Деваться было некуда, поперли мы на это поле, лучше было помереть, чем сдаваться. Мы все-таки прошли это поле, проползли, вынюхивая землю и чувствуя затылками сотрясение воздуха от пролетавших низко разрывных пуль. Но в конце концов Читальный, огромный и сильный Читальный, по прозвищу ЧТЗ, наш основной добытчик, задел антенну немецкой прыгучей мины. Такие мины стоглазые, они всех высмотрят с высоты. Они выщелкиваются из скрытых в земле стаканов, взлетают вверх стальными лягушками и лупят по всему, что внизу, тремя сотнями шрапнельных шариков. В воронке от шпрингмины не спасешься. «S» – так эту мину обозначили немцы, по первой букве названия, и наши саперы ее тоже на «С» звали, только похлеще, совершенно нетехническим термином.
Чудно ударила эта мина, взлетев из-под руки ЧТЗ: сам Читальный, у которого «лягушка» разорвалась над головой, отделался двумя пустячными дырочками – видно, в мертвой зоне оказался, – а Кукаркина, весельчака, ползшего в двадцати метрах от ЧТЗ, на месте убило, в сердце и в голову, двумя смертями; он умер в долю секунды.
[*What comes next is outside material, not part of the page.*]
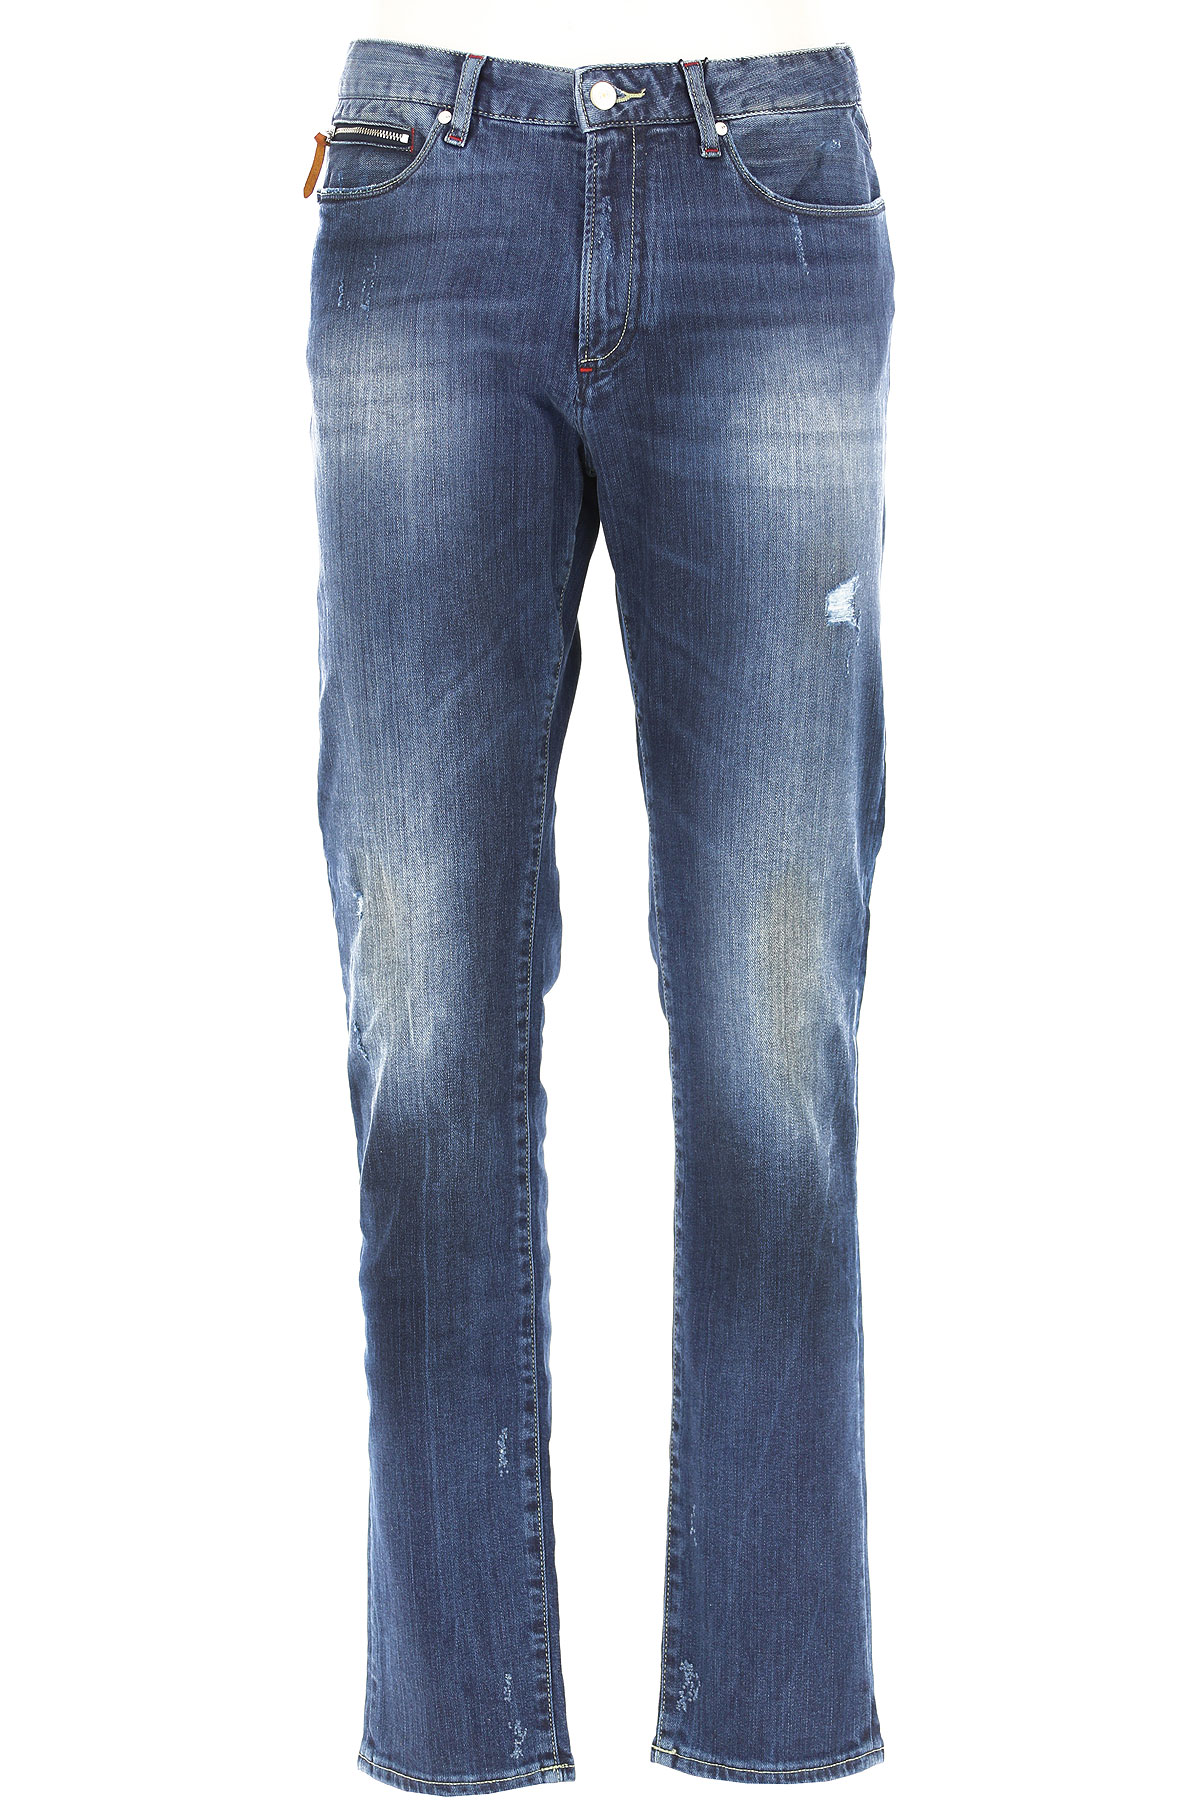 Emporio Armani Jeans, Bluejeans, Denim Jeans für Herren Günstig im Sale, Denim Mittelblau, Baumwolle, 2017, 46 48 49 50 52 54
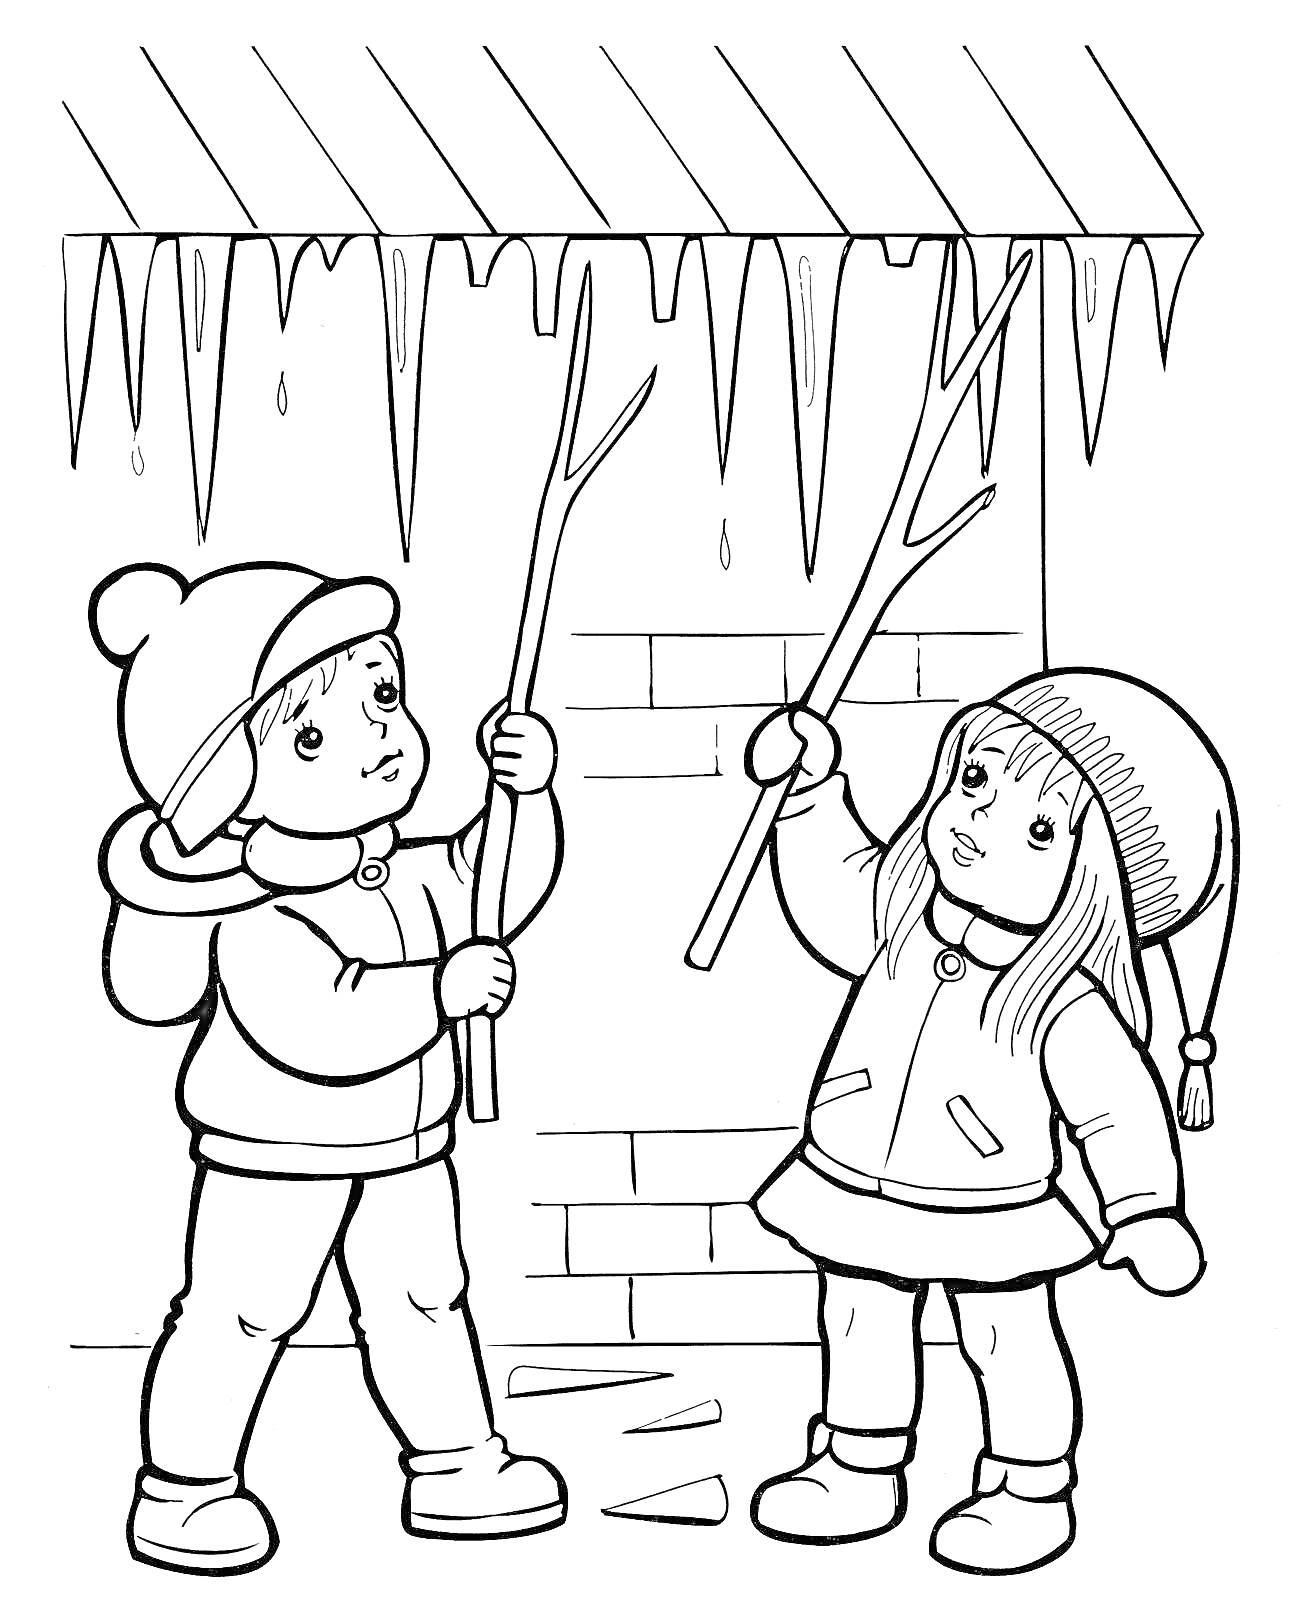 Раскраска Дети под сосульками возле дома, одетые в зимнюю одежду, с палочками в руках, сбивают сосульки с крыши

Меня тоже чиркнуло сверху, и я сразу не понял, в чем дело, думал, так, ерунда, по касательной задело, а вышло, что осколки оказались в животе, да и еще рукам-ногам досталось.
Вот они какие, шпрингминен, изобретение немецкого технического гения. Ждешь слева, а бьют справа. И главное, я в этот момент в одиночную ячейку как раз ввалился и думал, что в полной безопасности… Лежал пузом к земле и переводил дыхание, почти как дома.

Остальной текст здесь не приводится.